### Problem to work on:
Please repeat each line below exactly, with no images in the copy.

──────── Data excerpt

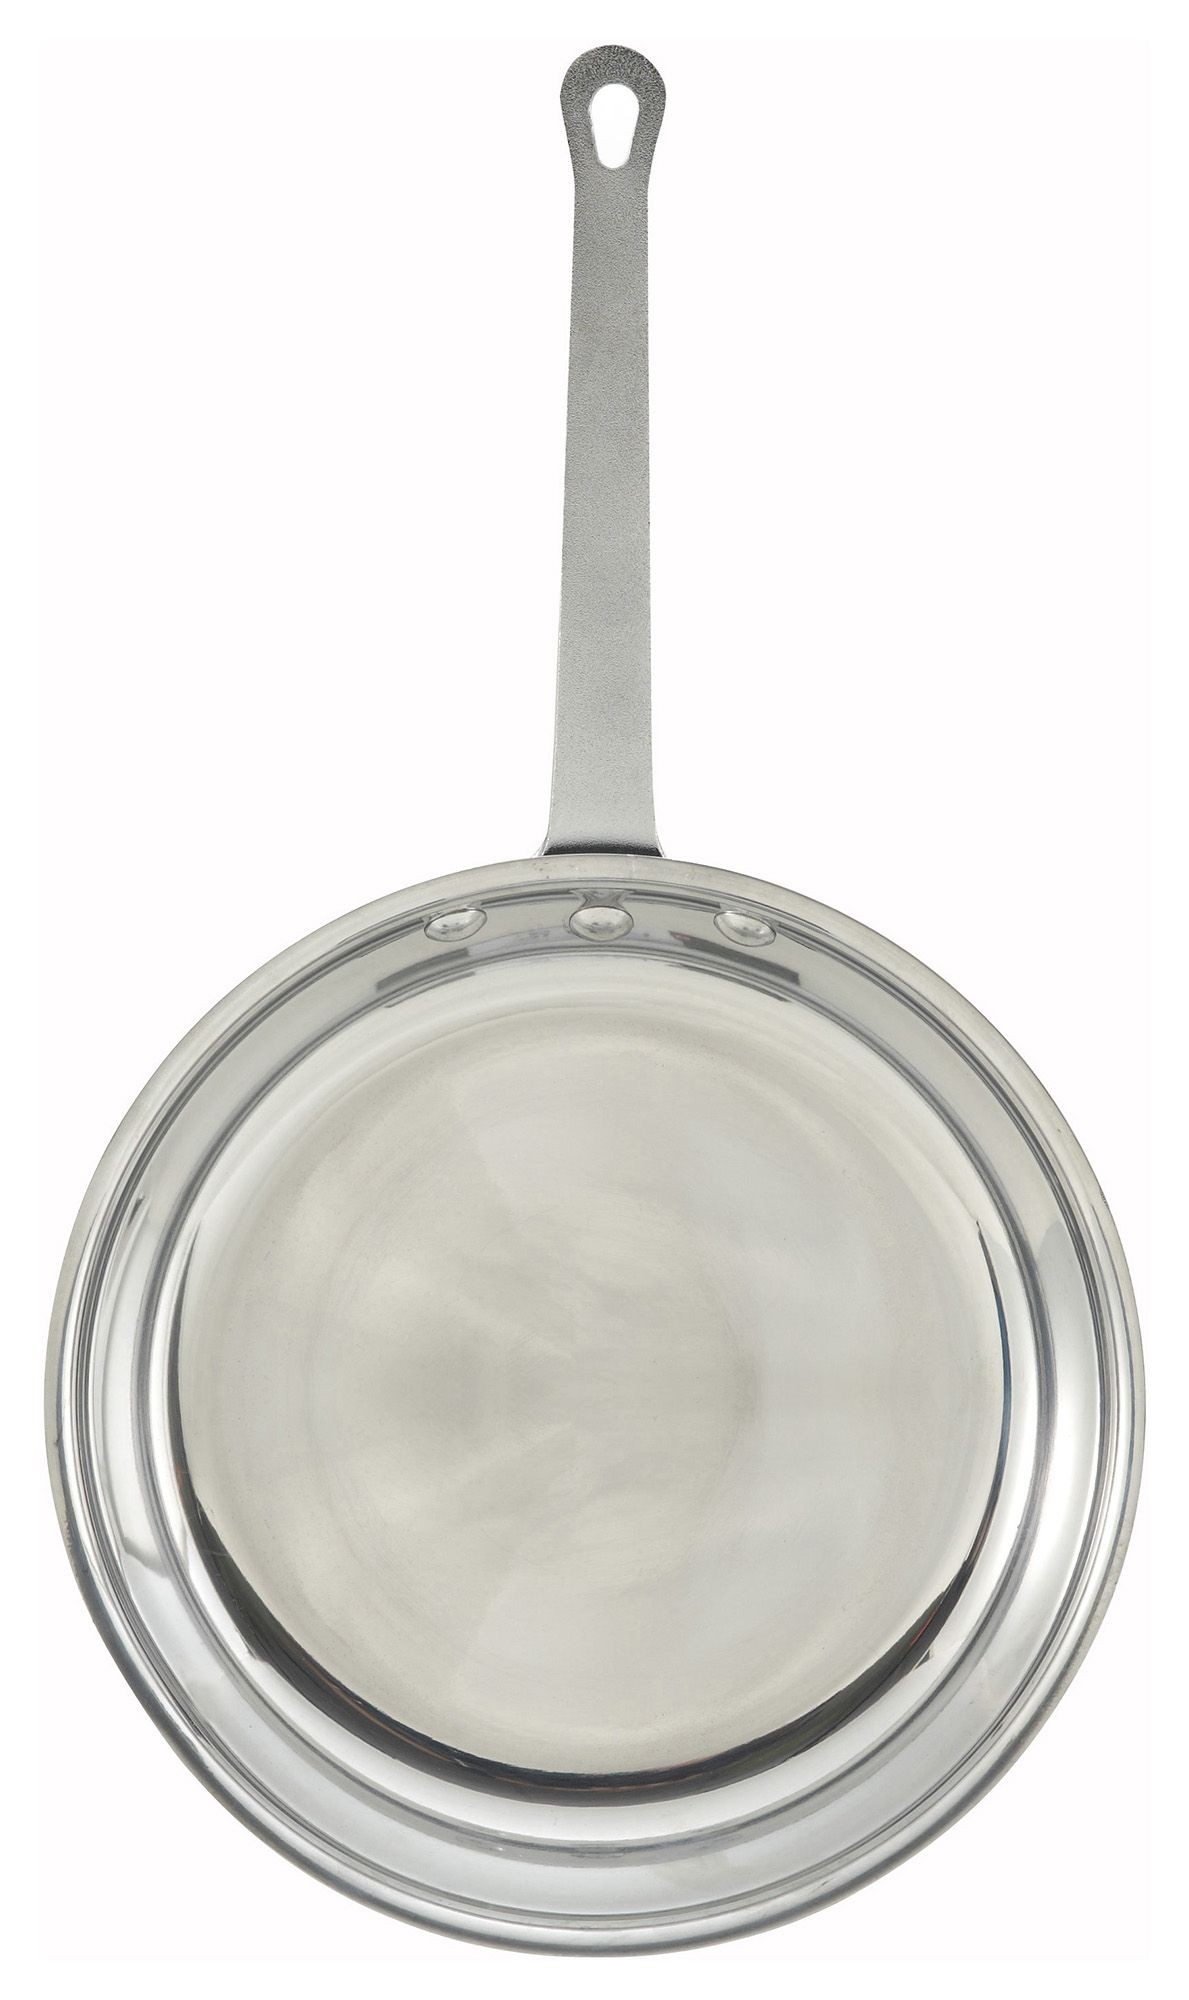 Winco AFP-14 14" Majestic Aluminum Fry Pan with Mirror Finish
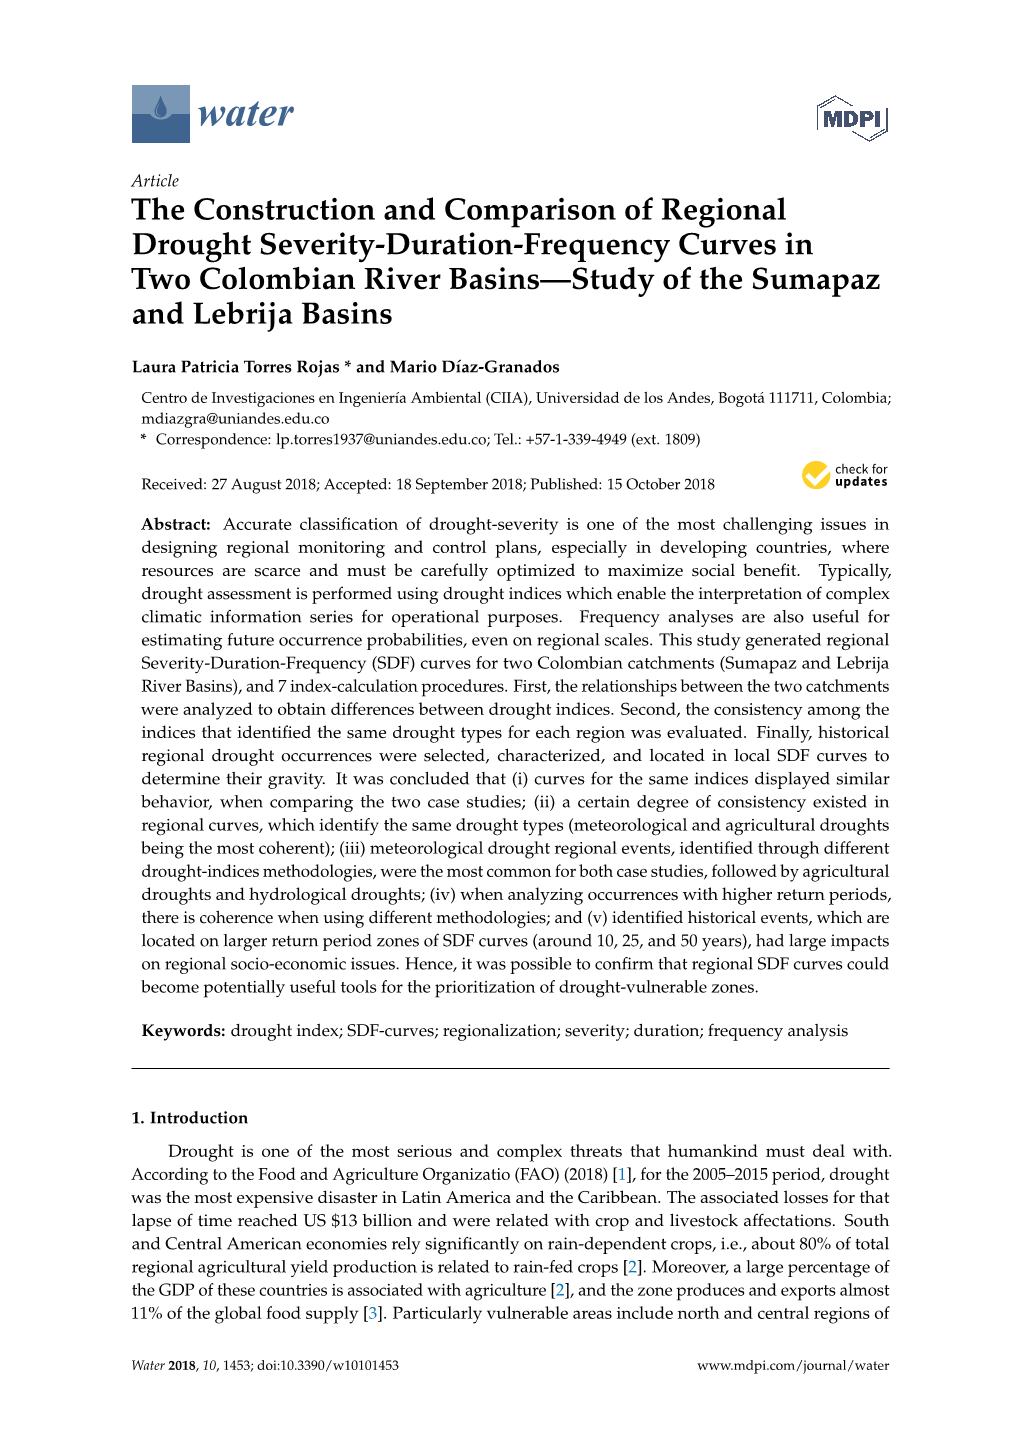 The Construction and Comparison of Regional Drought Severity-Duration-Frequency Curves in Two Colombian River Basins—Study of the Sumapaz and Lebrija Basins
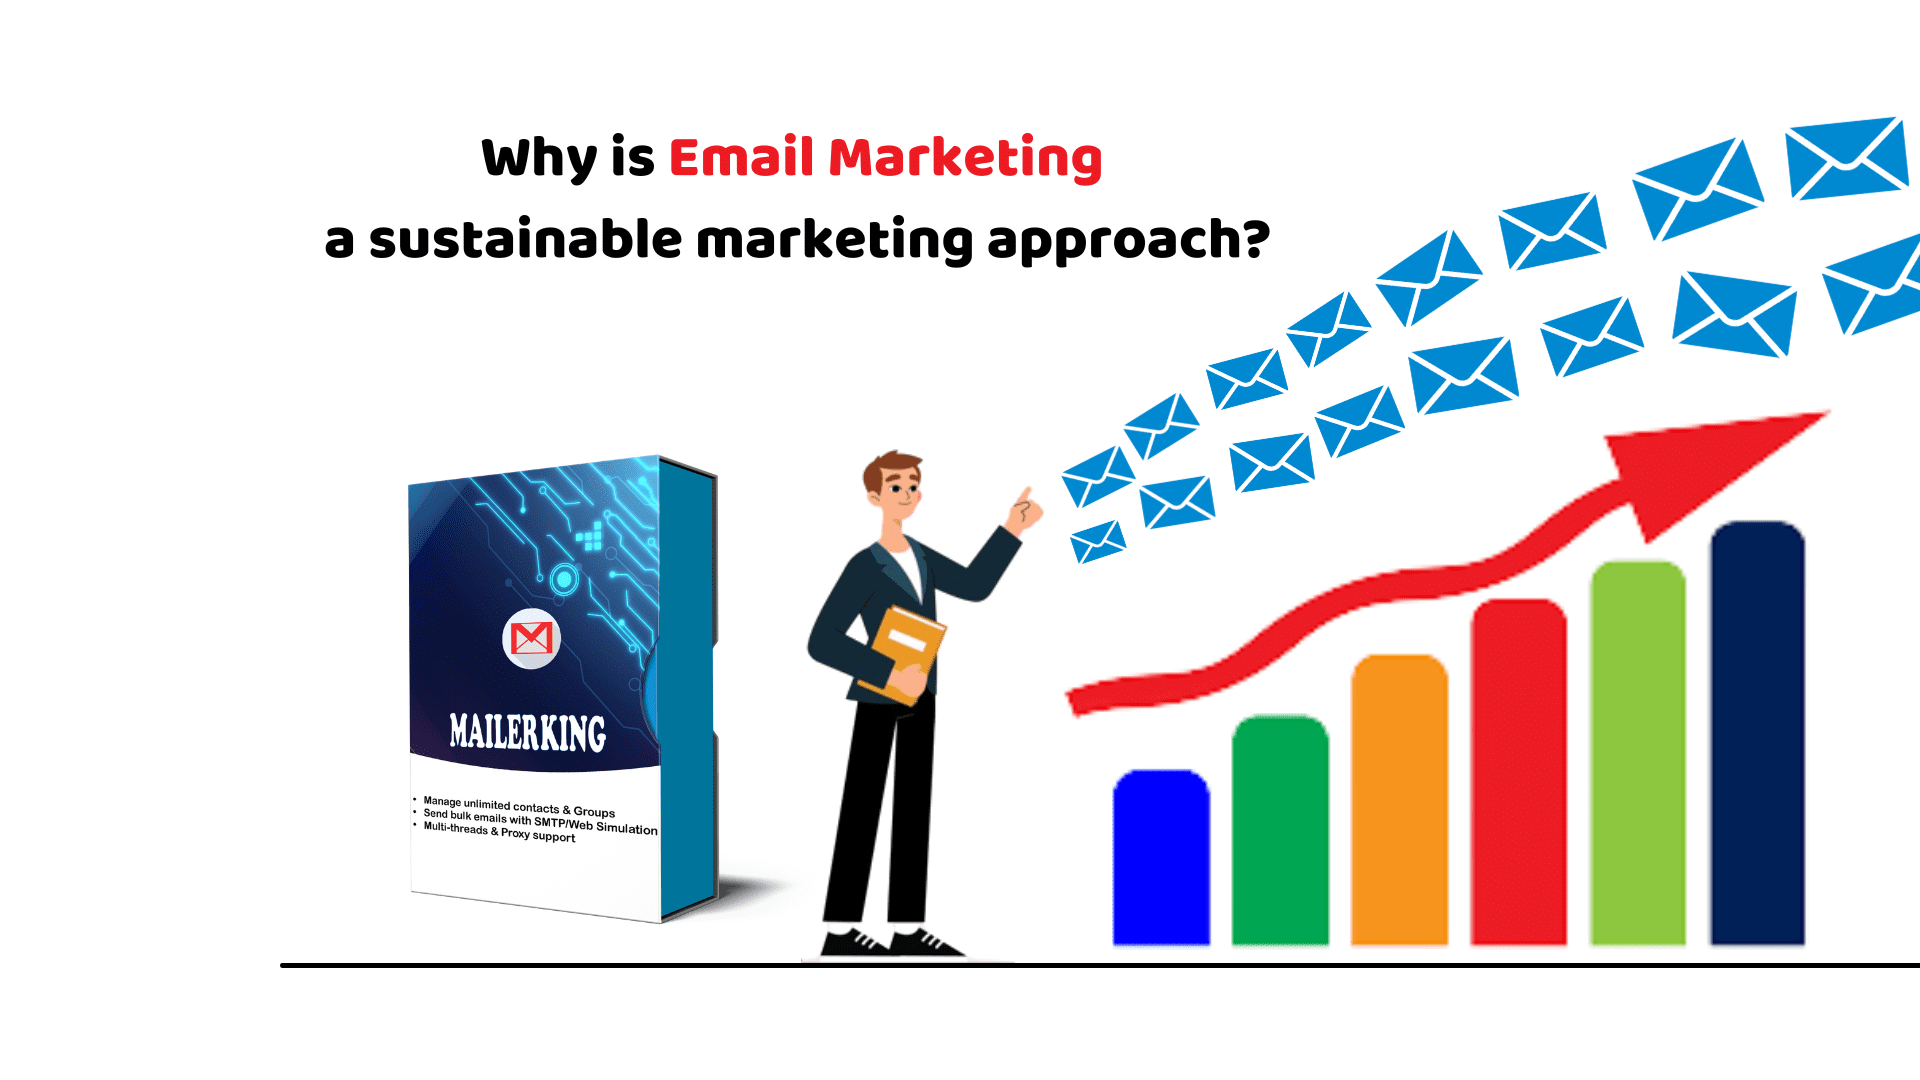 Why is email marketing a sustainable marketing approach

────────────────

### Result of this exercise:
 Winco AFP-14 14" Majestic Aluminum Fry Pan with Mirror Finish
 The Construction and Comparison of Regional Drought Severity-Duration-Frequency Curves in Two Colombian River Basins—Study of the Sumapaz and Lebrija Basins
 Why is email marketing a sustainable marketing approach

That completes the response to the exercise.